Foothold / www-data
We first start off with a nmap scan of the machine IP Address. Then we convert our finished scan to a html file and view it in the browser.
Here we see there is a Web Server running on port 8080, and a listening SSH Server on port 22.
As always we will add the address to our /etc/hosts file.
Next we check out the web page being served on port 8080 in a browser. There isn’t much there, but it does tell us that the company makes, uses, and distributes custom cryptographic software. We see there is possible username/contact information. There’s also a message to their developers about the web server source code file. It tells the filename, the language it’s written in, and that it is in a secret directory.
We use wfuzz to brute force find this secret directory and locate the server source code, which will be aided by the fact that we know the name of the source code file. We are successful and find the file located at ../develop/SuperSecureServer.py.
We download the source code file.
Then open and inspect the code, looking for vulnerabilities.
Here we can see that it is a somewhat basic python web server. The biggest security issue that stands out is the use of the python exec() function. We find that it is accepting a string formatted URL path, that can be provided by us. We should be able to escape the string formatting with '; and inject some reverse shell python code that will be executed by the exec() function. We will use a payload that we found on PayloadAllTheThings.

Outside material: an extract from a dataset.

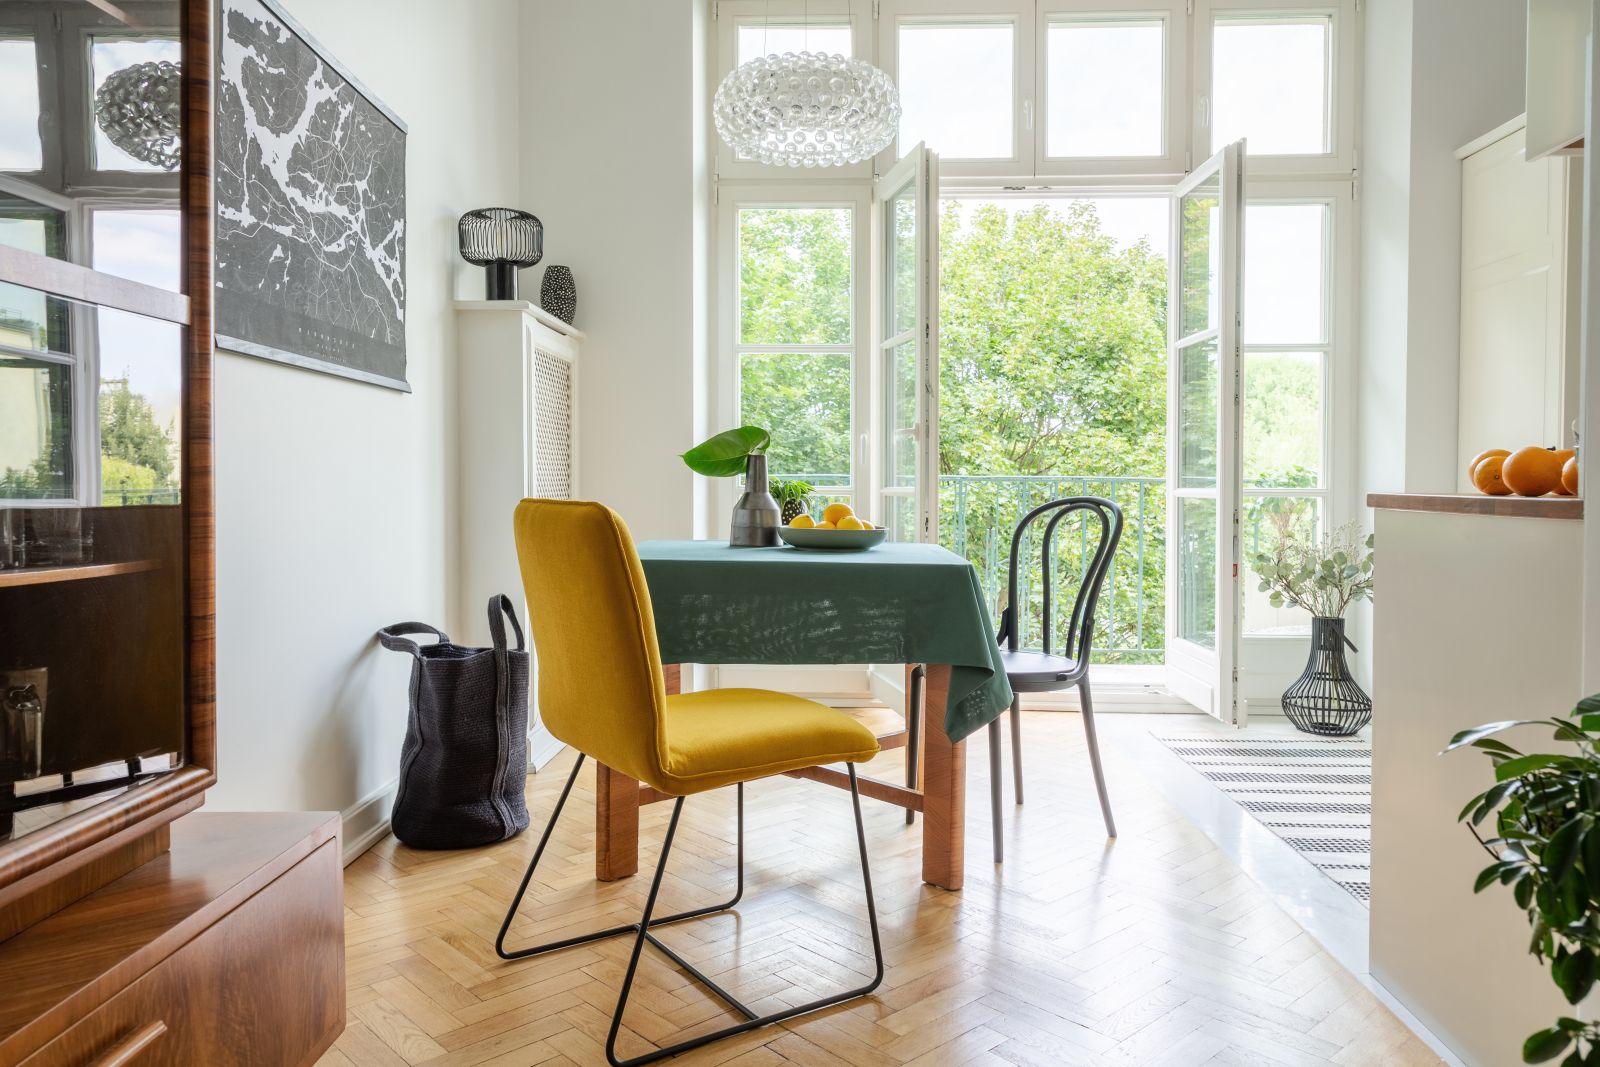 Beginnen Sie Ihr Balkon Wohlfühl-Projekt

This is the reverse shell payload that we will use, and we url encode it as well, getting it ready to send as a GET Request.
We setup a local netcat listener.
Then setup our GET Request with our payload in Burp Suite, and send the Request.
We check our netcat listener and see that we got a callback and now have shell access as www-data. We now have a foothold in the system.
User / robert
After browsing around a bit we see some interesting files in the user /home/robert/ directory. Here we see there is a user.txt file that we do not have permissions to read, as well as a python script called SuperSecureCrypt.py, and data files passwordreminder.txt, check.txt, and out.txt, as well as a directory named BetterSSH which we will investigate later.
We cat the files to see what they contain.
Now we look at the source code for SuperSecureCrypt.py and try to see what and how these files are used or generated.
Looking at all this, it appears that the contents of check.txt was encrypted with a secret key, and it’s output is in out.txt. After inspecting the algorithm used to encrypt, it looks like we should be able to reverse the encryption by simply using the -d switch and feeding the output (out.txt) as the input, and use the un-encrypted check.txt text as our key. This should output the original key used to encrypt check.txt, but repeating to match the character length of the original message.
With passwordreminder.txt being an encrypted file as well, we see if the user used the same key, alexandrovich, to encrypt it.
And this turns out to be the password for the account robert. So we SSH into the account using this password, and read the user.txt file to get the flag.
Privilege Escalation / root
Running sudo -l under this account shows us we have privileges to run /usr/bin/python3 /home/robert/BetterSSH/BetterSSH.py as sudo with no password.
We go back into that directory and look at the source code for this python program.
It looks like this program will ask you for your user credentials and validate them with sudo privileges from the /etc/shadow file. Once authorized you can take advantage of the hard coded sudo command it has by simply sending -u root, then your command, which will be appended to sudo in the highlighted lines above. With full root privileges now we can easily read the /root/root.txt file.
With the ability to run any command with sudo privileges we could now create our own account or set up SSH for the root account and have full access to the machine indefinitely.